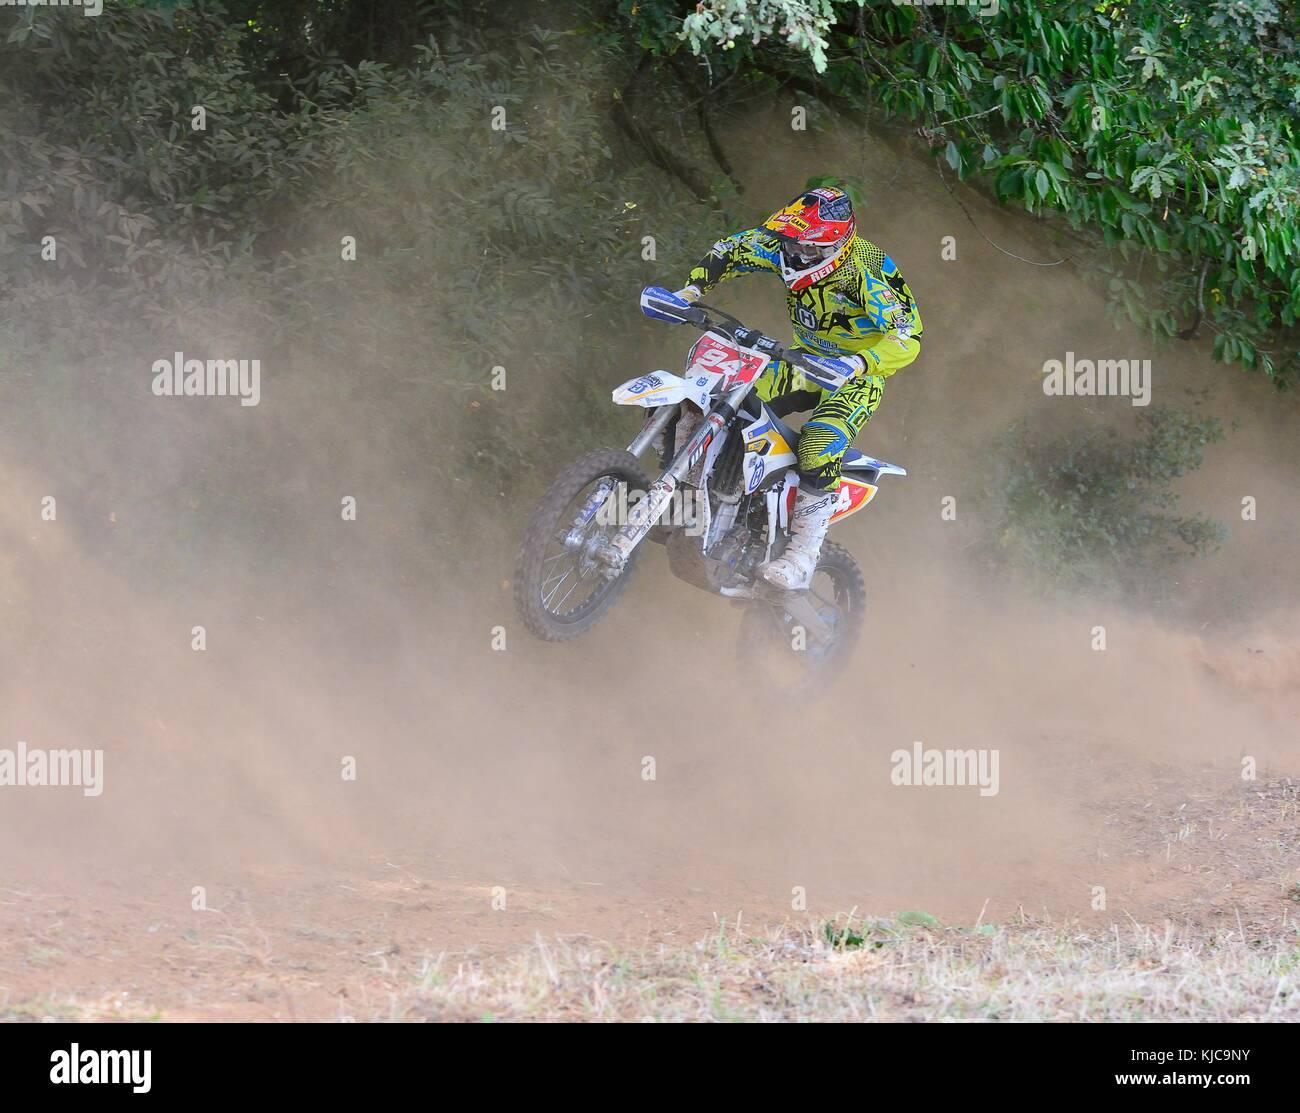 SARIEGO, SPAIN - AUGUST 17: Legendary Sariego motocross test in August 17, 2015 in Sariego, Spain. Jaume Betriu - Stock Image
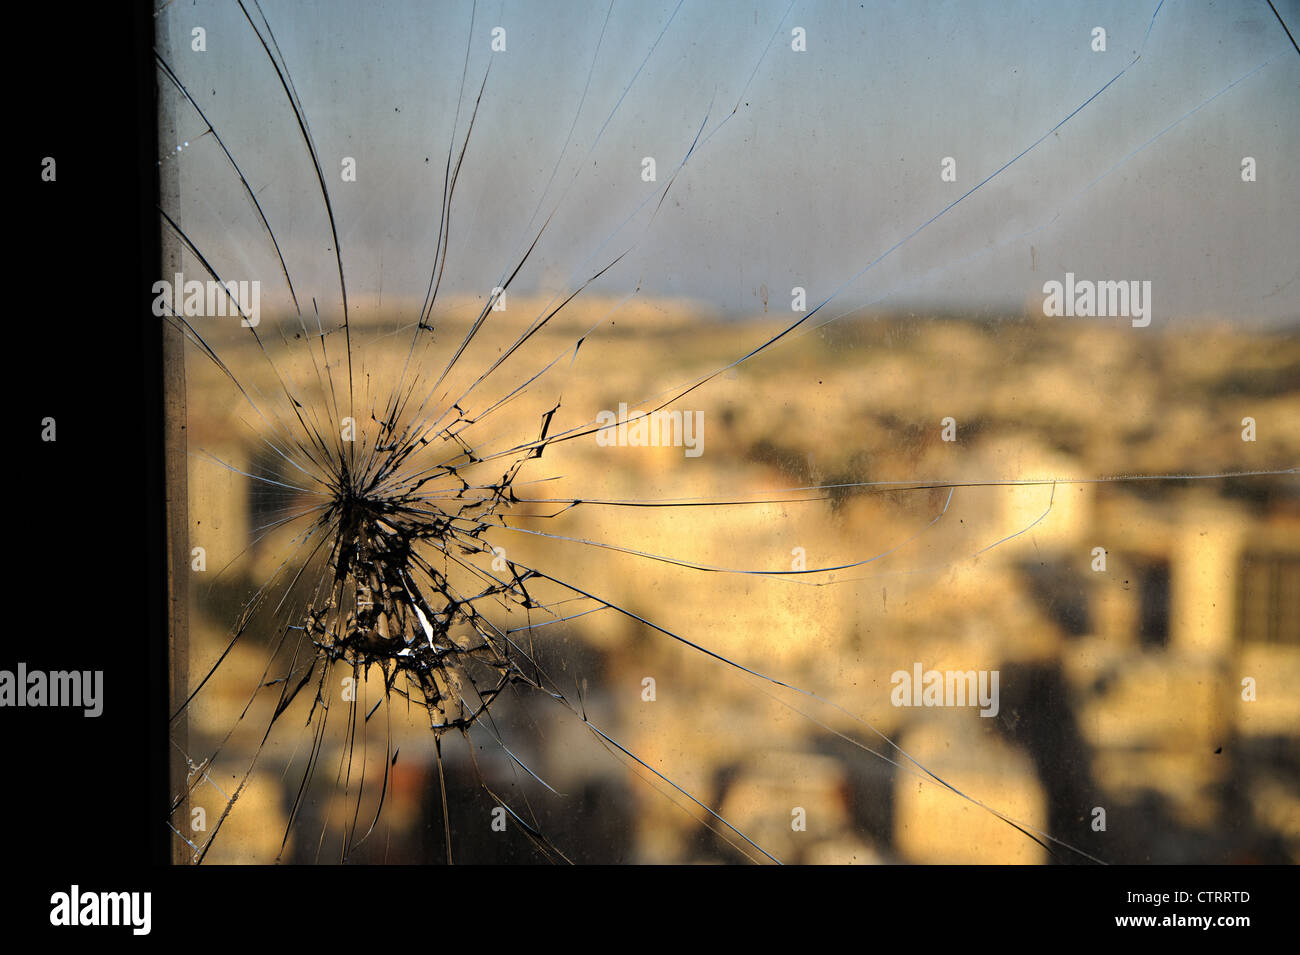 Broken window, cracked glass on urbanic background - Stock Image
☆ ☆ ☆ ☆
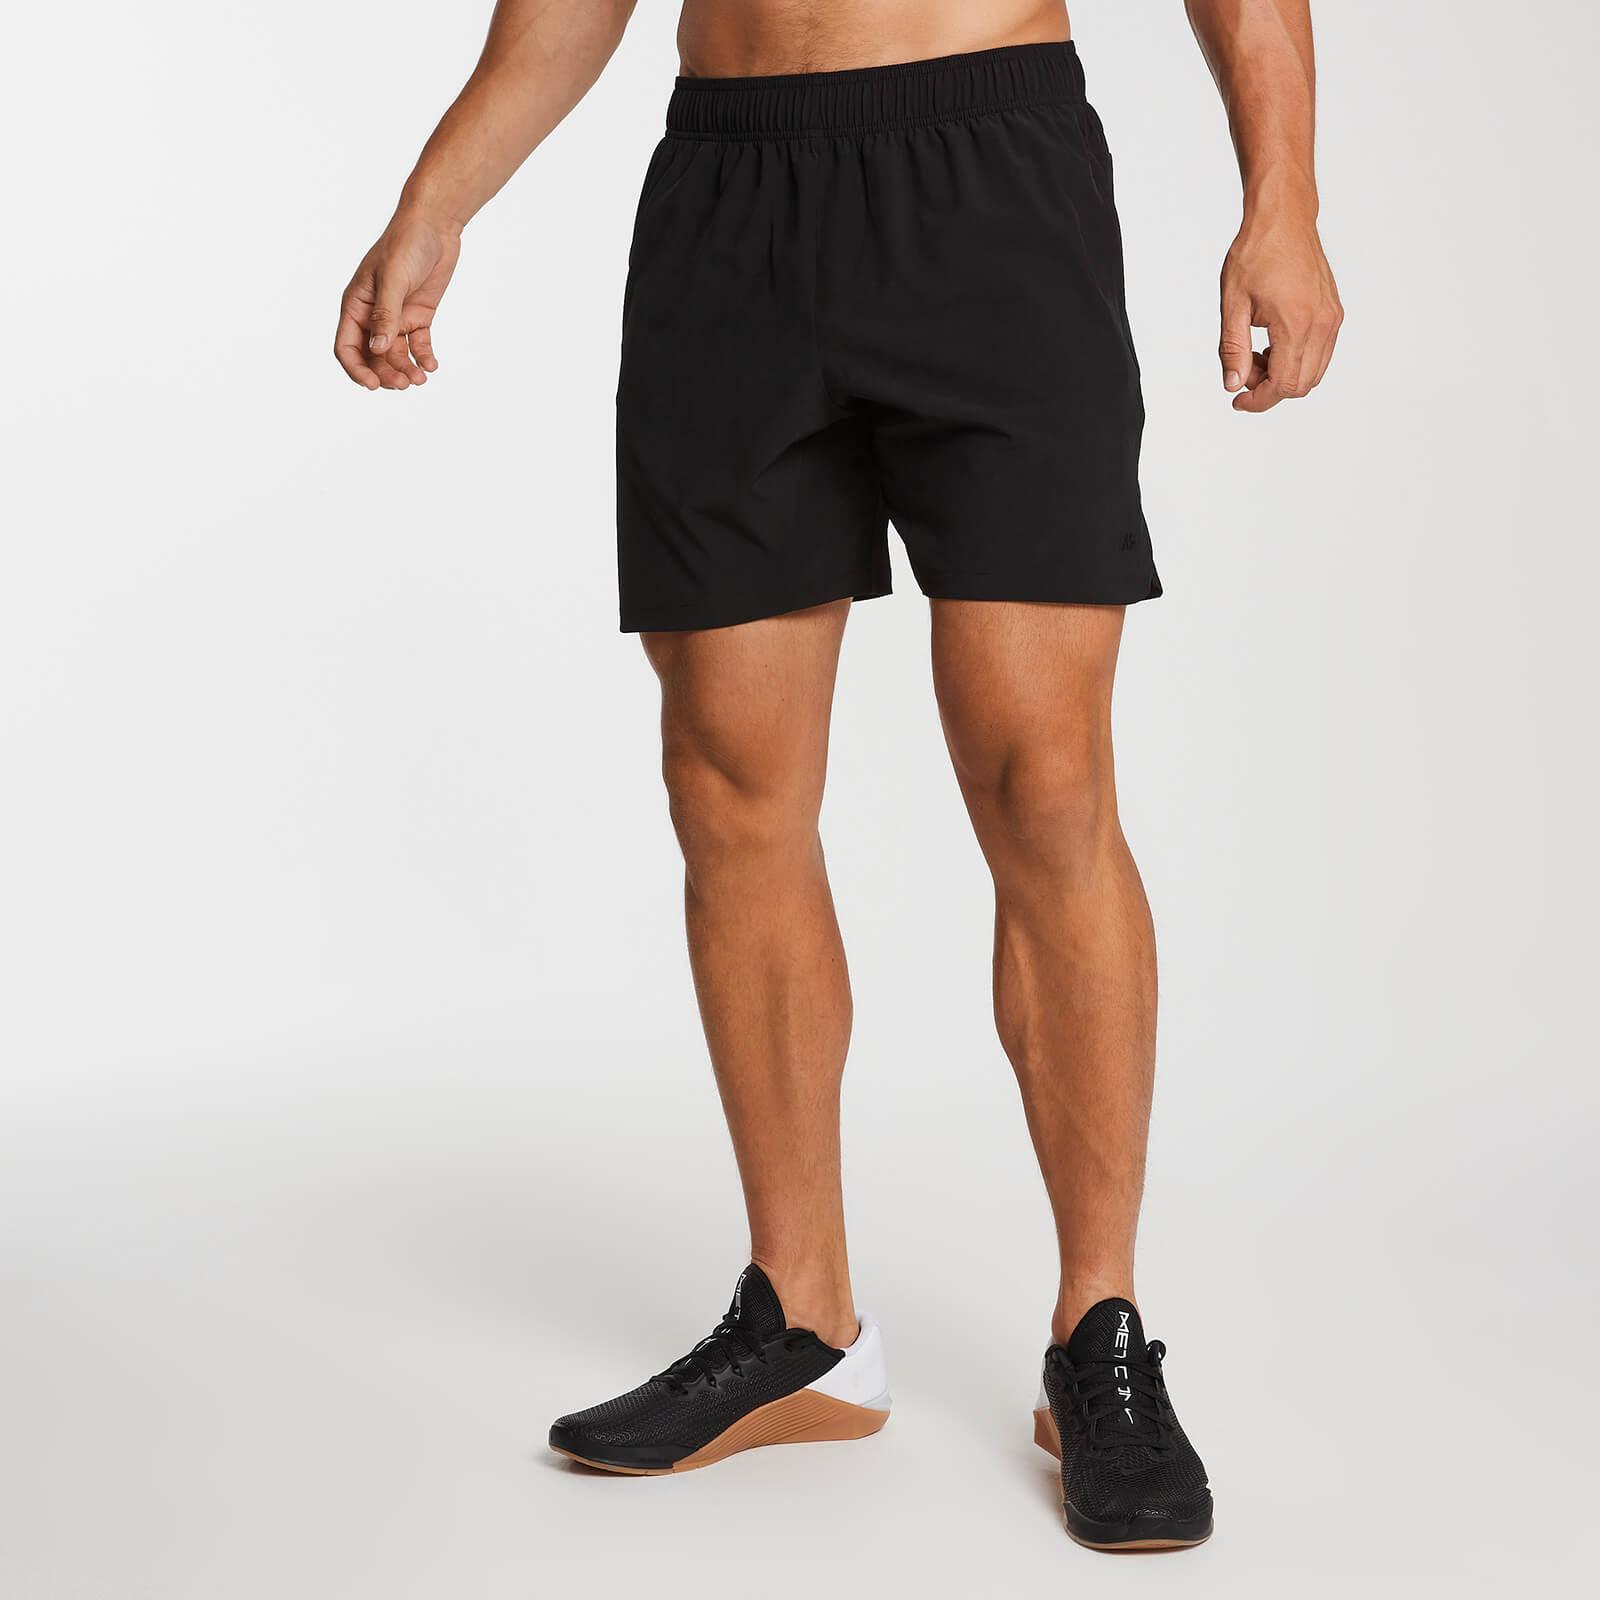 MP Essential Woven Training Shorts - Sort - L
☆ ☆ ☆ ☆
**Your goal**
Using the listing above, repeat word for word each line from the one with "SARIEGO, SPAIN - AUGUST" down to the one with "Broken window, cracked", both included. Omit all pictures.

**Result of the exercise**
 SARIEGO, SPAIN - AUGUST 17: Legendary Sariego motocross test in August 17, 2015 in Sariego, Spain. Jaume Betriu - Stock Image
 Broken window, cracked glass on urbanic background - Stock Image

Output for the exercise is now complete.